You have the power of standing still
No speed of wind or water rushing by
But you have a speed far greater. You can climb
Back up a stream of radiance to the sky,
And back through history up the stream of time.
And you were given this swiftness, not for haste
Nor chiefly that you may go where you will.
But in the rush of everything to waste,
That you may have the power of standing still—
Off any still or moving thing you say.
Two such as you with a master speed
Cannot be parted nor be swept away
From one another once you are agreed
That life is only life forevermore
Together wing to wing and oar to oar.
-Robert Frost, "The Master Speed"
A woman named Carroll Ann emailed recently to ask if I could meet her downtown and sign the many copies of Life is a Verb she had bought as holiday gifts for her family and friends. I am always happy to do that, always.

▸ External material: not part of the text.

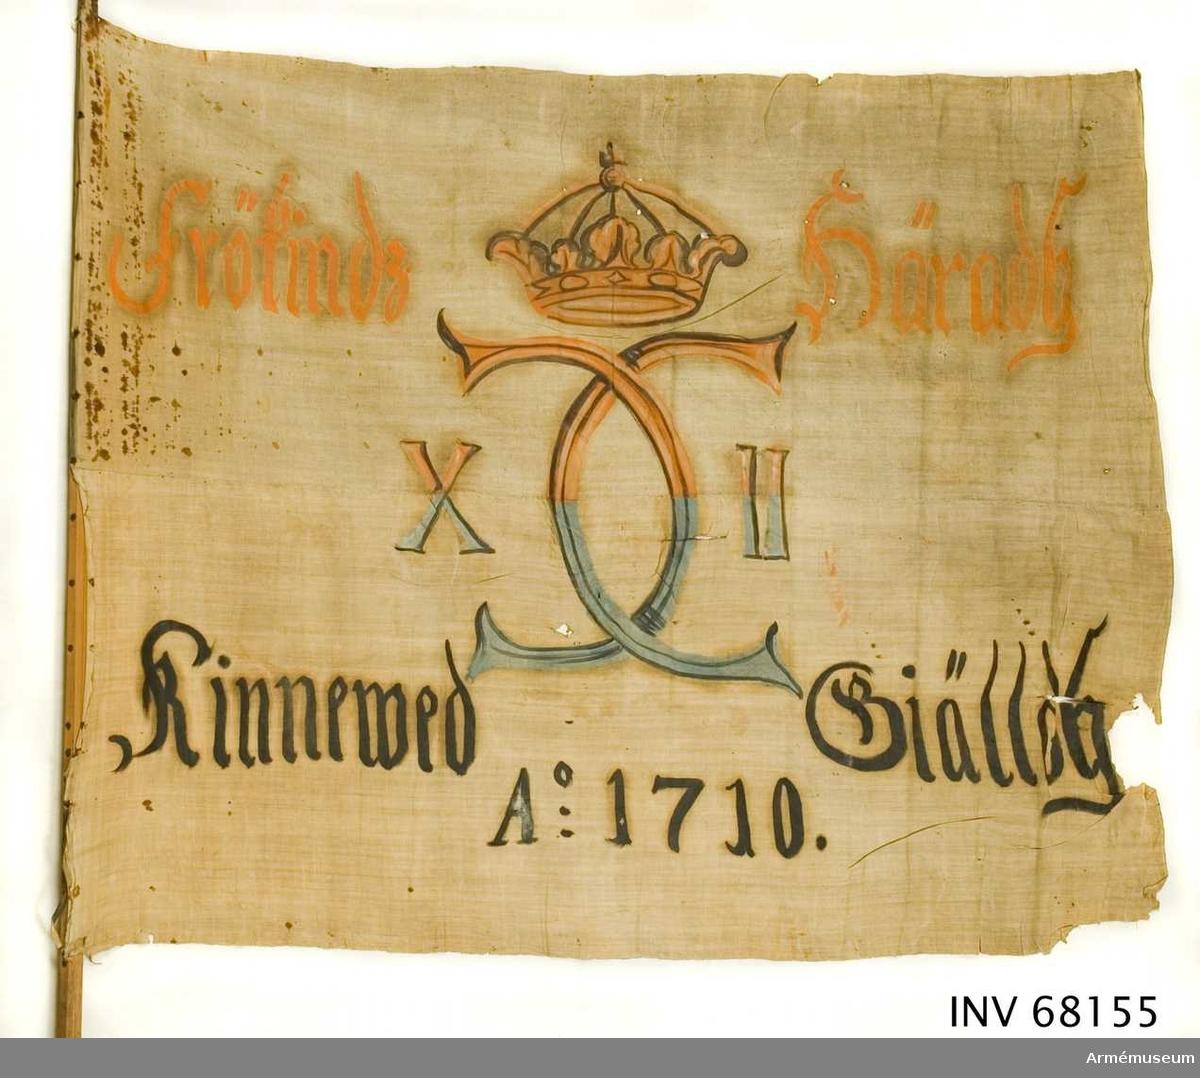 Duk: Tillverkad av enkel vit linnelärft, sydd av två horisontella våder. Fäst vid stången med en rad järnnagel på ett litet band av skinn.  Dekor: Målad i mitten, endast på dukens insida, Karl XII:s namnchiffer, dubbelt C, på ömse sidor om dessa X - II, krönt med sluten krona, i gult och brunt på den övre våden och på den nedre i blått och svart. Text på ömse sidor om chiffret, upptill i gult och nedtill i svart. Under chiffret text i svart.  Stång: Åttkantig stång av furu. Holk och spets i ett av järn. Två stycken stjärnbeslag.

We sat for a wonderful cup of coffee at Malaprop's bookstore downtown and talked. She had created amazing, gorgeous journals to accompany the book, and shared them with me. Beautiful, whimsical journals with tiny cut outs and quotes pasted in and small sticks and ribbon adorning the spiral binding.
As we readied to leave, she said she had some free hugs for me, in the form of two poems printed on lovely vellum paper. One (are you sitting down because this will shock you) a favorite by Billy Collins and one a poem by Robert Frost that I had never read, the one you just read. "It was read at a family wedding," she explained and as I read it, the power of it as a wedding poem was clear to me, but I thought it was much more, too. As we hustle and bustle around, particularly at this time of year, it occurs to me that there is power in standing still. We have the power of standing still.
There was, I hasten to add, a (dare I say gorgeous) photo of Mr. Depp printed at the bottom of the page.